Fig. 1: GWASs of HMOs in 980 mothers of the CHILD cohort study.

a Overlayed Manhattan plots from GWASs of 19 HMOs (linear regression analyses in PLINK): significant association of SNPs across four chromosomal regions, the strongest association at rs492602 on chromosome 19q13.33 for LNFPI (P = 2.38e–118). Additional associations were detected on chromosomes 19p13.3, 3q27.3 and 10q22.1 (Supplementary Data 1). The x-axis indicates the chromosomal position, and the y-axis indicates the significance of SNP associations (-log10(P)). The red line represents the genome-wide significance P-value threshold (P < 5e–8). The orange highlight SNPs within each of the significant regions. b Overlayed regional plots of SNP associations on chromosome 19: significant associations were detected for 18 of the 19 individual HMOs (all except 6’SL). The red horizontal line represents the genome-wide significance threshold (P < 5e–8). c Overlayed Locus Zoom plots of chromosome 19q13.33: 324 SNPs were associated with individual HMOs.

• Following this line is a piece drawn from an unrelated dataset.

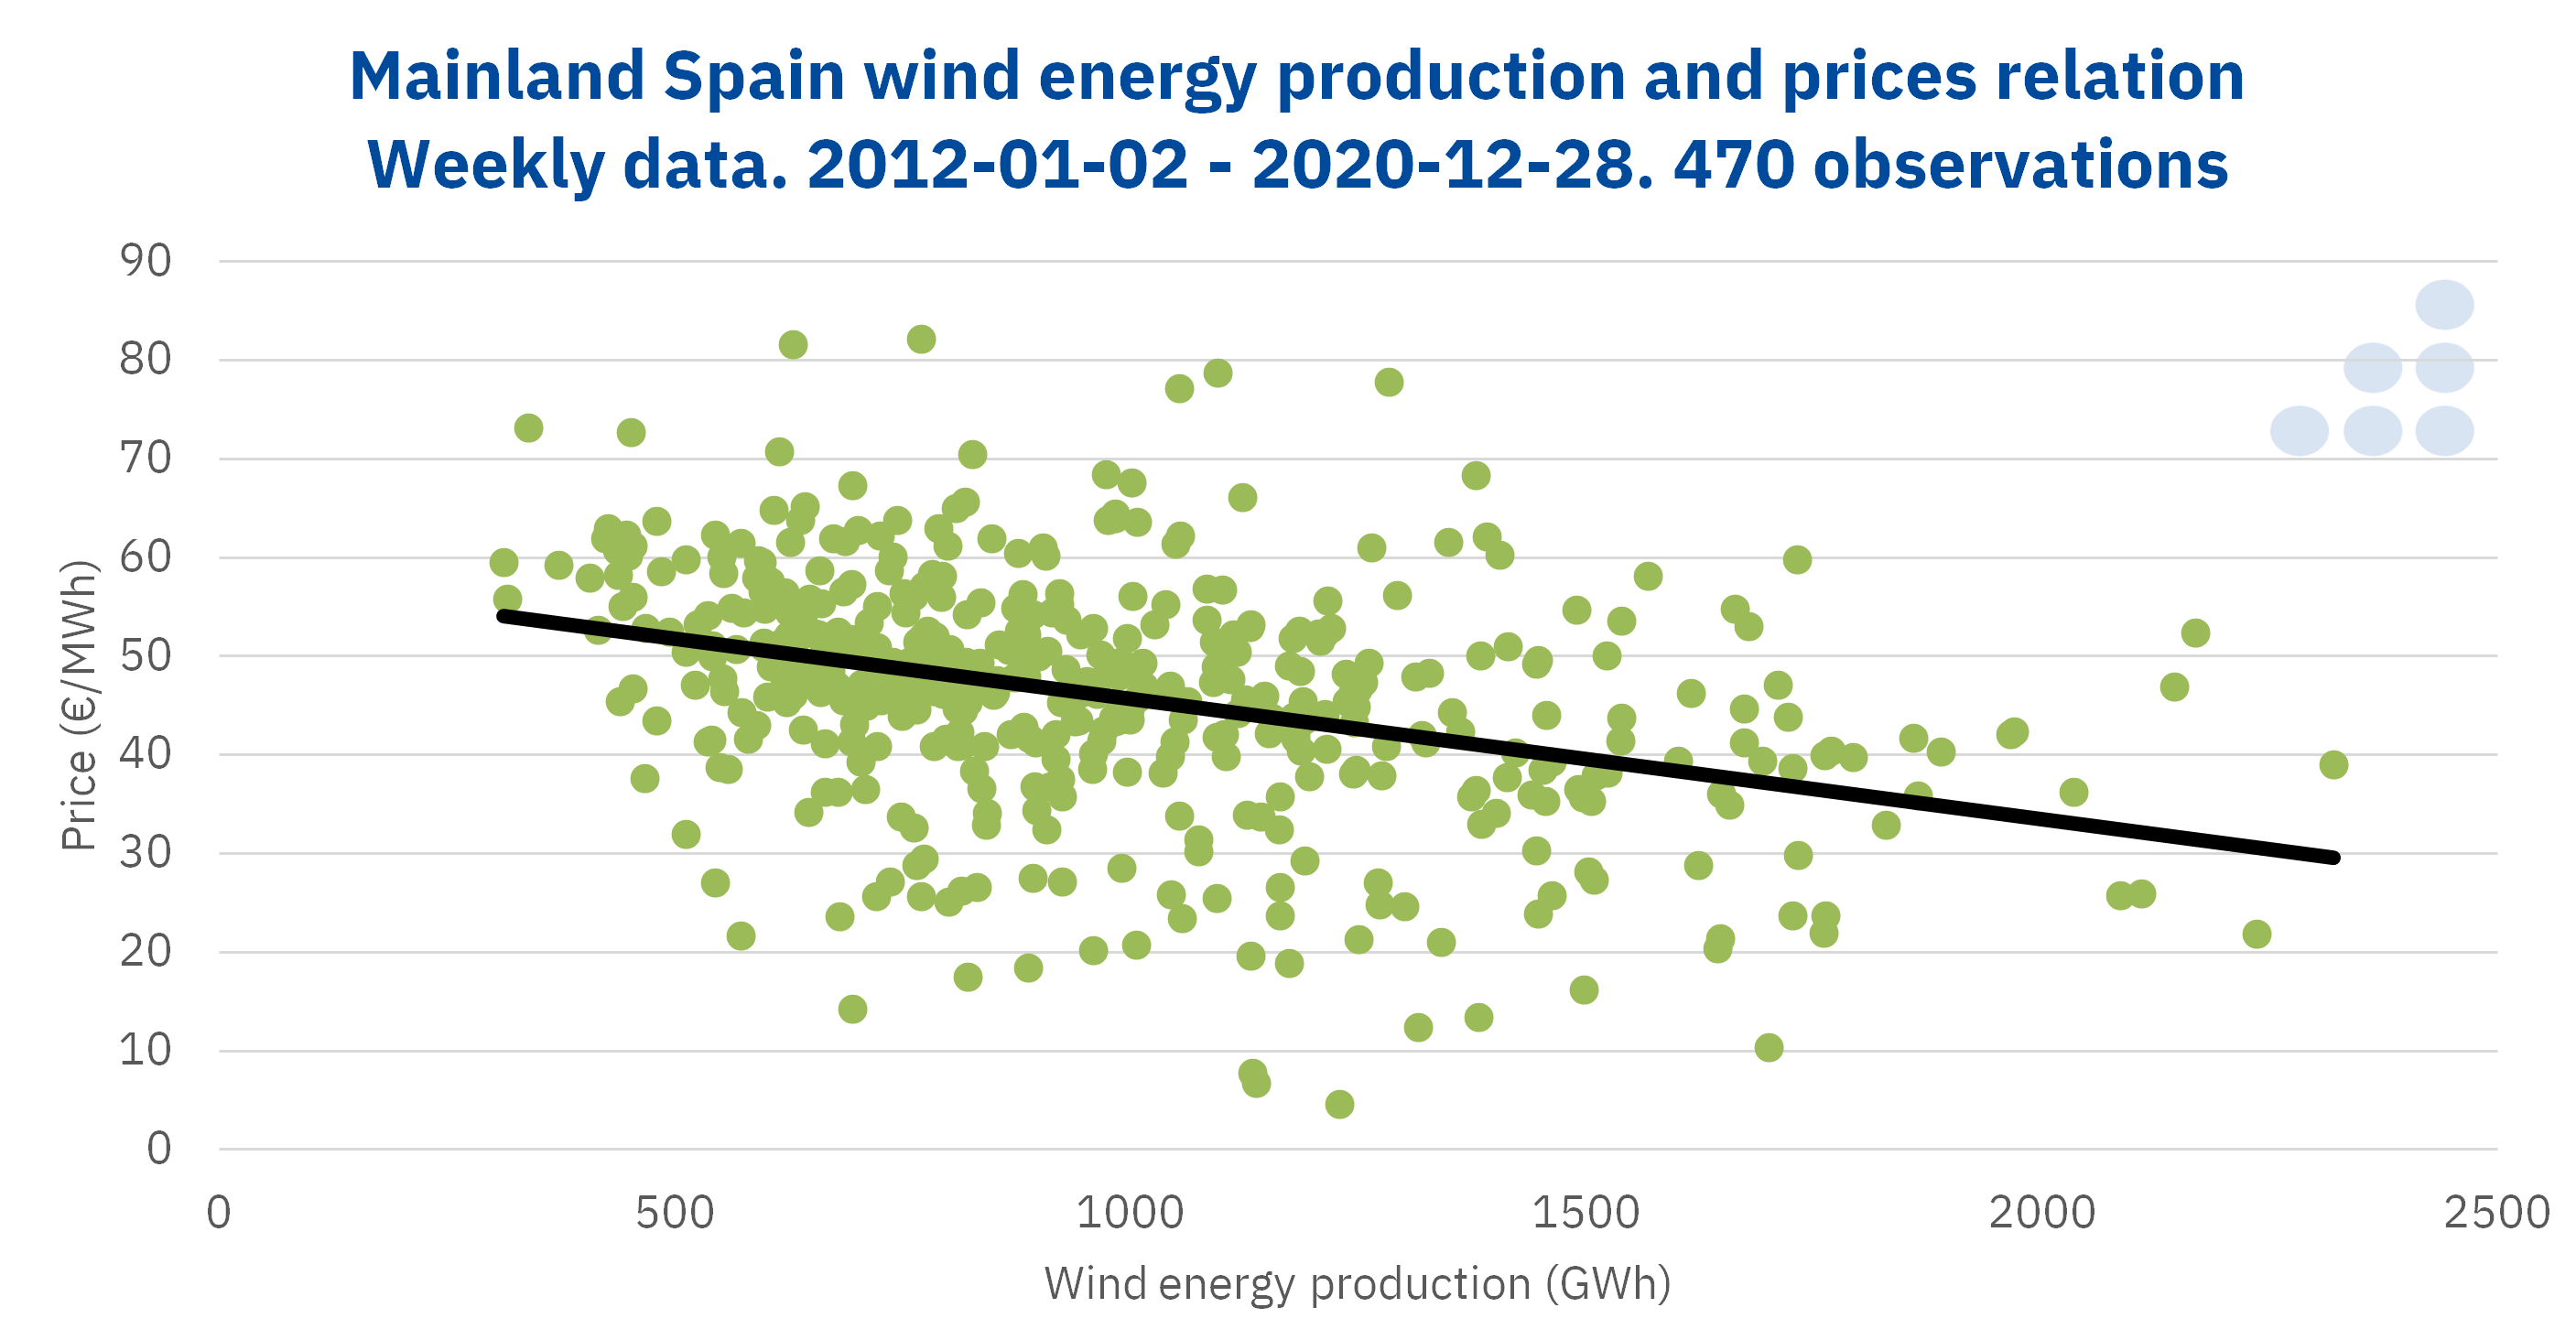 AleaSoft - Mainland spain wind energy production prices relation weekly

The most significant SNP (rs492602, P = 2.38e–118) is indicated by a dark purple dot, which is in LD (r2 = 0.99) with the known stop-gain variant rs601338 in the FUT2 gene. The x-axis shows genes mapped to this associated genomic region (250 kb) and y-axis indicates the significance of SNP associations (-log10(P)). d Metabolic flux from LNT and LNnT to fucosylated or sialylated pentasaccharides and corresponding HMO concentrations associated with rs601338 in the FUT2 gene. The illustrated metabolic pathway shows that this SNP is associated with almost all HMOs, not just the ones that are alpha1-2-fucosylated (e.g. 2’FL or LNFP1). The green oval highlights the alpha1-2-linked fucose. Boxplots show select HMO concentrations associated with rs601338, supporting the illustrated synthesis pathways (N = 980). Box minimum: Q1, box maximum: Q3, box center: median, whiskers (farthest points that are not outliers (i.e., within 3/2 times of interquartile range). e Principal Co-ordinate Analysis (PCoA) plot of overall HMO profiles by SNP rs601338 genotypes using a Bray-Curtis distance matrix. Subjects by genotype: GG, N = 386; GA, N = 405; AA, N = 190. Each dot represents the entire HMO profile of an individual mother. Variations along the primary axis, accounting for 56.6% of overall HMO concentrations, were strongly associated with the stop-gain variant rs601338 in the FUT2 gene.